[fpc-pascal] Unicode file routines proposal

Tue Jul 1 10:35:00 CEST 2008

On Tue, 1 Jul 2008 10:23:32 +0200
Martin Schreiber <fpmse at bluewin.ch> wrote:

> On Tuesday 01 July 2008 09.56:29 Mattias Gaertner wrote:
> > On Tue, 01 Jul 2008 09:35:35 +0200
> >
> > Luca Olivetti <luca at ventoso.org> wrote:
> > > OTOH using variable length characters will make string operations
> > > expensive (since you can't just multiply the index by 2 or 4 but
> > > you have to examine the string from the beginning, and the length
> > > in bytes isn't the same as the length in characters).
> >
> > It's amazing that this argument come up again and again. But I know
> > hardly any code that need this index to char mapping. And the code,
> > that need it is seldom time critical.
> > (I must admit, I feared the same some years ago. But the extra cost
> > is practically a myth.)
> >
> A good example is text layout calculation where it is necessary to
> iterate over characters (glyphs) over and over again. 

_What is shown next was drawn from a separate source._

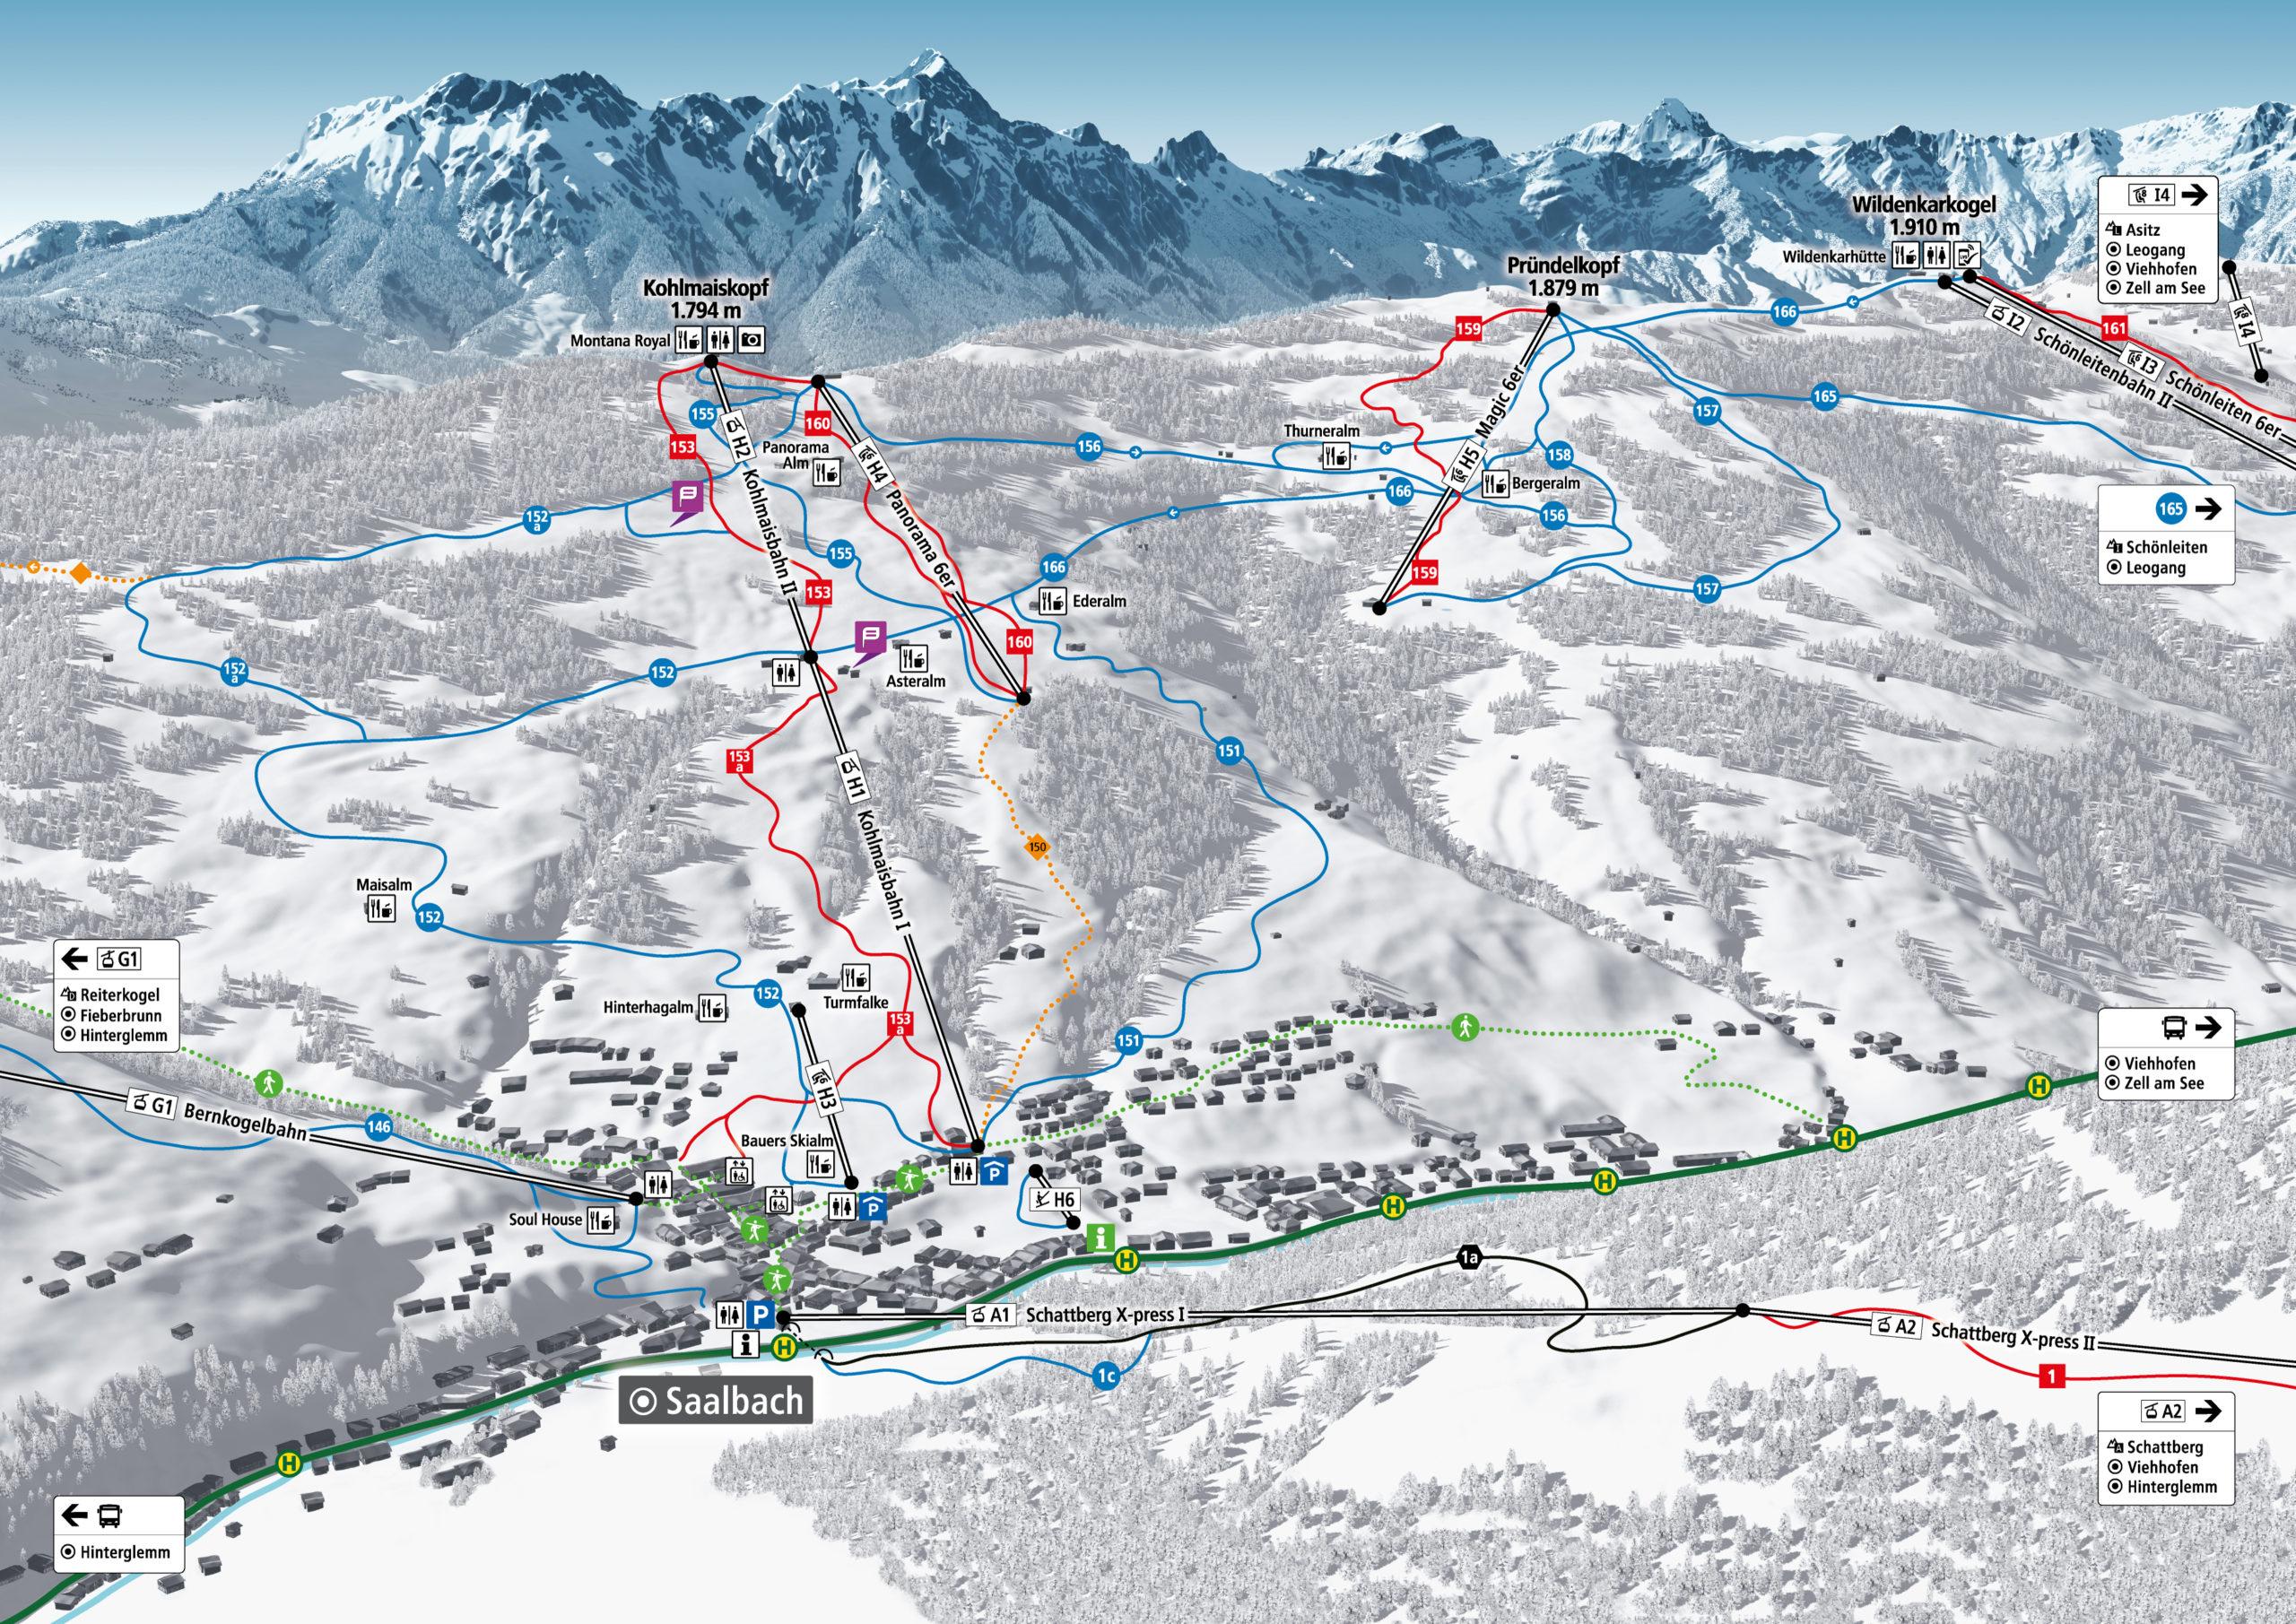 3D Panoramakarte Skicircus Saalbach Hinterglemm Leogang Fieberbrunn Zone H Kohlmais

Text layout nowadays need to consider font widths and unicode specials.
Iterating from character to character should be hardly measurable
compared to this. For example synedit does not yet care much about font
widths and unicode specials and the UTF-8 stepping is negligible.

> MSEgui uses
> widestrings directly, fpGUI converts to widestrings before processing
> (or use they the slow utf-8 routines ?). I once switched MSEgui to
> utf-8 because of the widestring problems in FPC, one or two months
> later when I implemented complex layout calculation with tabulators
> and justified text I switched back to widestrings...
> This belongs to a GUI framework, for a RTL are possibly other
> priorities.
> 
> >
> > Most code only needs the number of bytes. And this still cost under
> > pascal O(1).
> > In fact if a UTF8String or UTF16String would be added, then I would
> > say, it would be a waste of memory to store an extra PtrInt for the
> > number of characters.
> >
> Agreed.
> I think the best compromise for a GUI framework are referencecounted 
> widestrings where normally physical index = code point index. If one
> needs characters which are not in the base plane, he must use
> surrogate pairs and more complicated and slower processing. I assume
> this will be seldom used.

It depends if your code should solve a special problem or if you
write a library that should work for all. The RTL and FCL should work
for all. So they must support UTF-16 and can not use a
limited widestring.

Mattias